In this work, Ghazali expressed support for mathematics as an exact science, but argues that it cannot be used as a form of proof for religious or metaphysical doctrines due to their non-physical nature. He argues that religion and metaphysics are not in need of mathematics in the sense that poetry is not in need of mathematics or in the sense that philology or grammar can be mastered without any knowledge of mathematical sciences. He also argues that every discipline has its own experts and that an expert in one discipline, in this case mathematics, may fail miserably in other disciplines, in this case religion and metaphysics. Ghazali saw the practical usefulness of mathematics and condemns those who reject the mathematical sciences:[9]

A grievous crime indeed against religion has been committed by the man who imagines that Islam is defended by the denial of the mathematical sciences, seeing that there is nothing in revealed truth opposed to these sciences by way of either negation or affirmation, and nothing in these sciences opposed to the truth of religion.
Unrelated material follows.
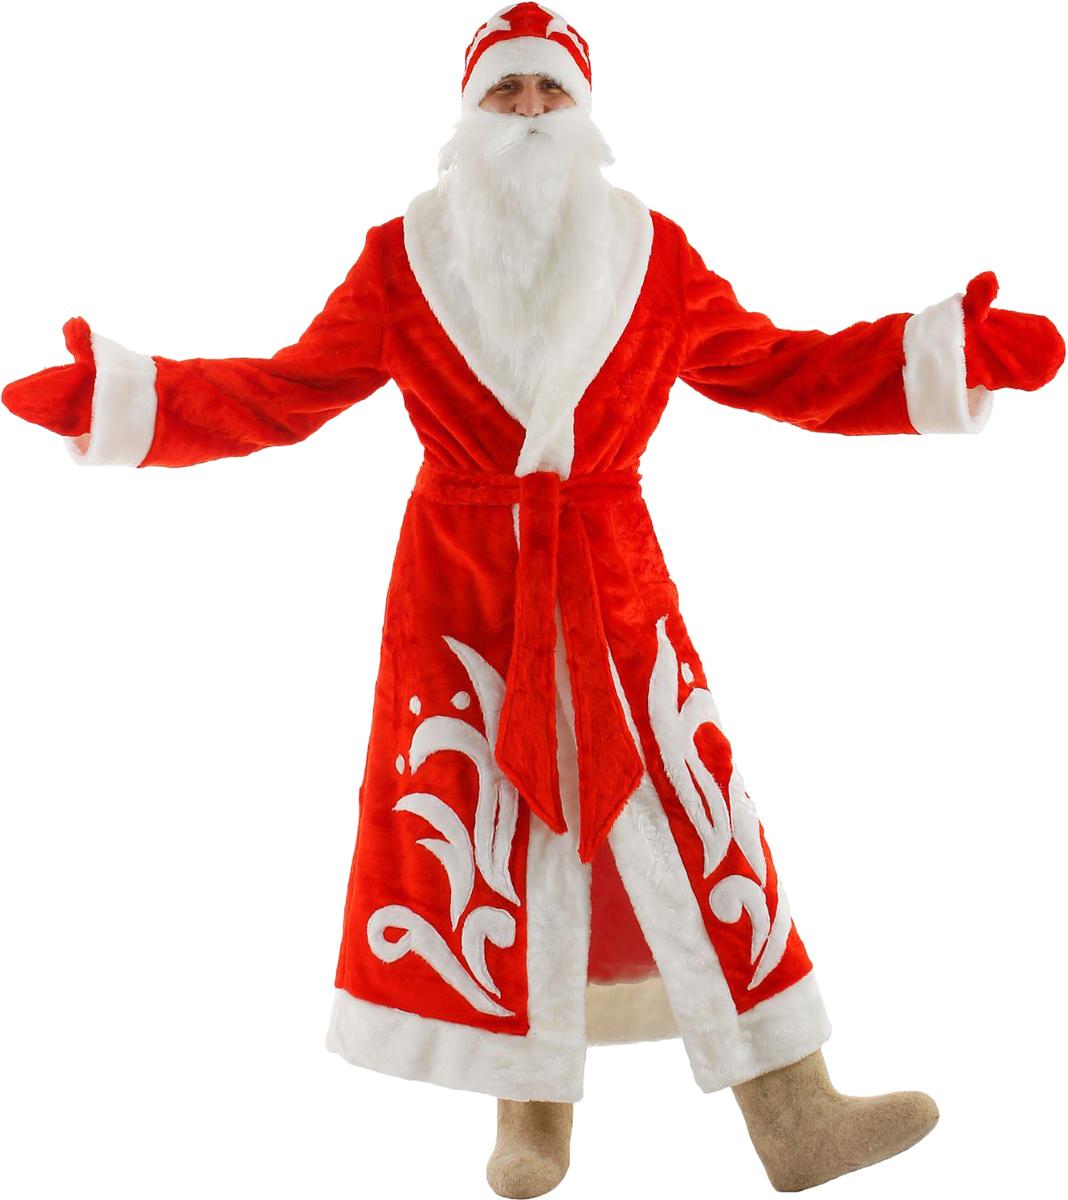 Карнавальный костюм Бока Дед Мороз, цвет: красный. Размер 52/54. 1577033 комбинезон тузик дед мороз карнавальный терьер джека рассела кобель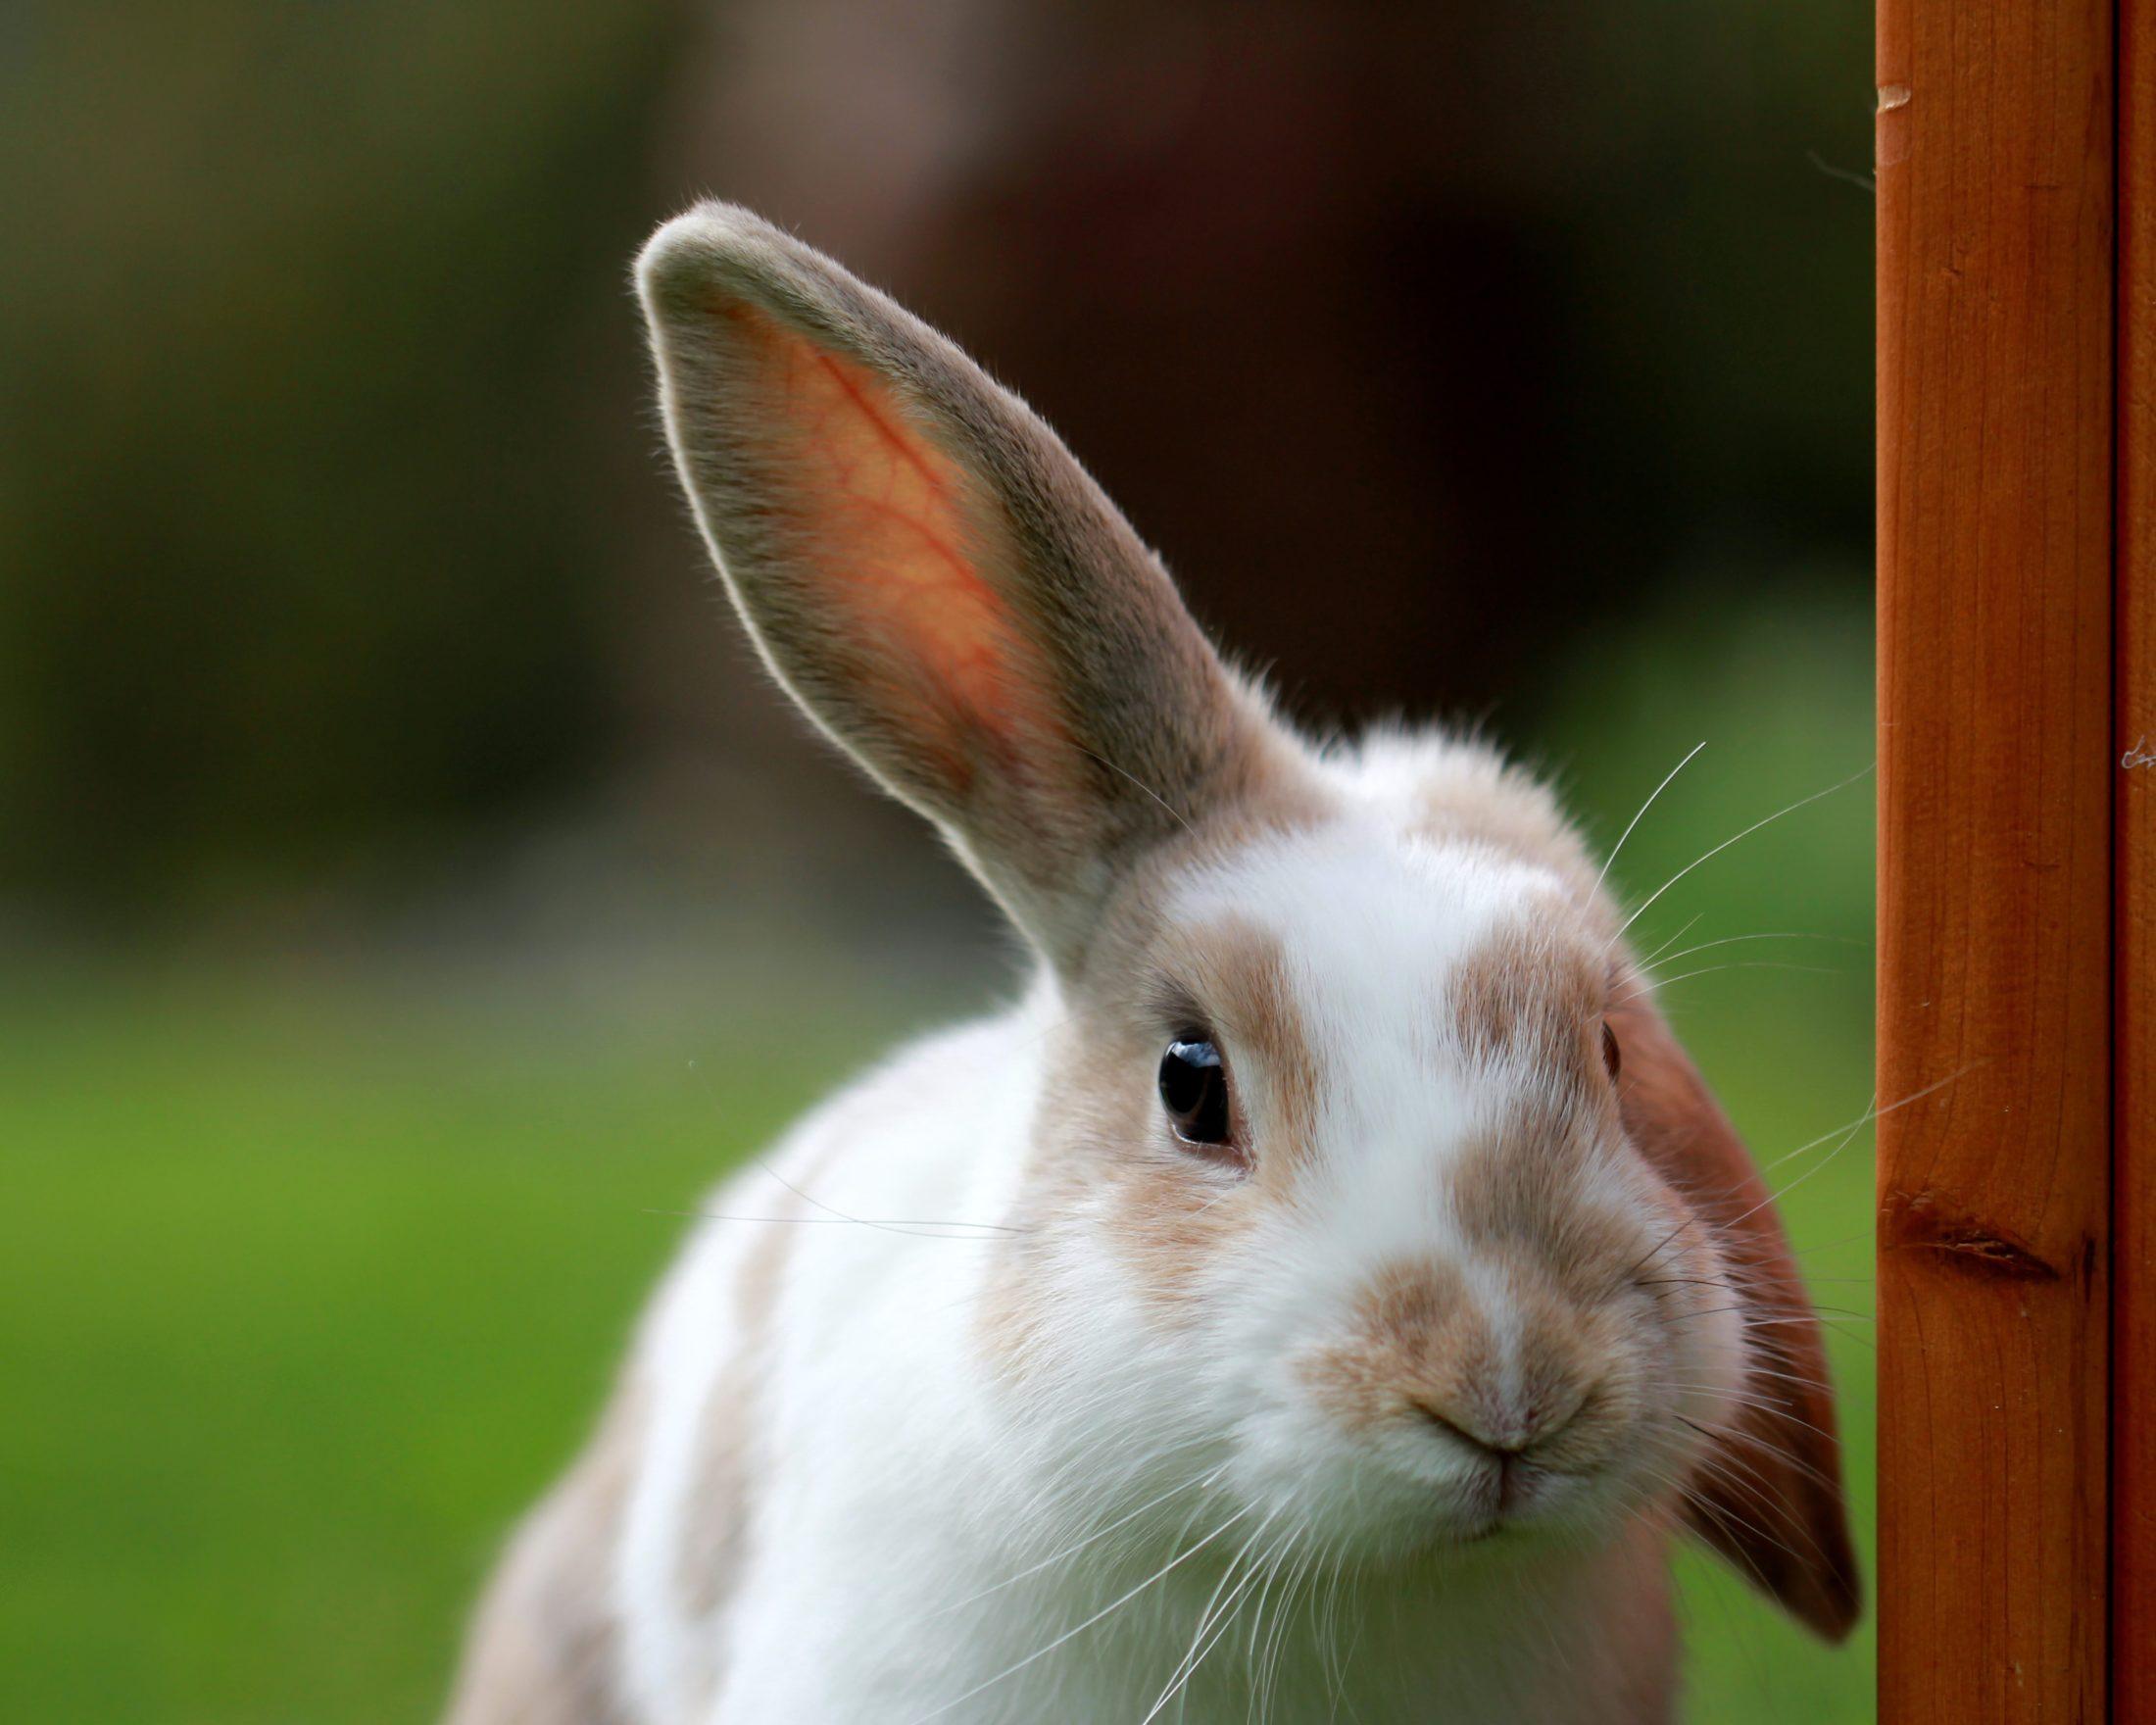 A melhor gaiola para coelho é aquela que proporciona espaço e conforto.

The Revival of Religious Sciences

Another of Ghazali's major works is The Revival of Religious Sciences (Arabic: احياء علوم الدينIhya 'Ulum al-Din or Ihya'ul Ulumuddin). It covers almost all fields of Islamic religious sciences: Fiqh (Islamic jurisprudence), Kalam (Islamic theology) and Sufism. It contains four major sections: Acts of worship (Rub' al-'ibadat), Norms of Daily Life (Rub' al-'adatat), The ways to Perdition (Rub' al-'muhlikat) and The ways to Salavation (Rub' al-'munjiyat). It is said that he used Abu Talib al-Makki as one of his sources. He then wrote a brief version of this book in Persian under The Alchemy of Happiness (Kīmyāye Sa'ādat).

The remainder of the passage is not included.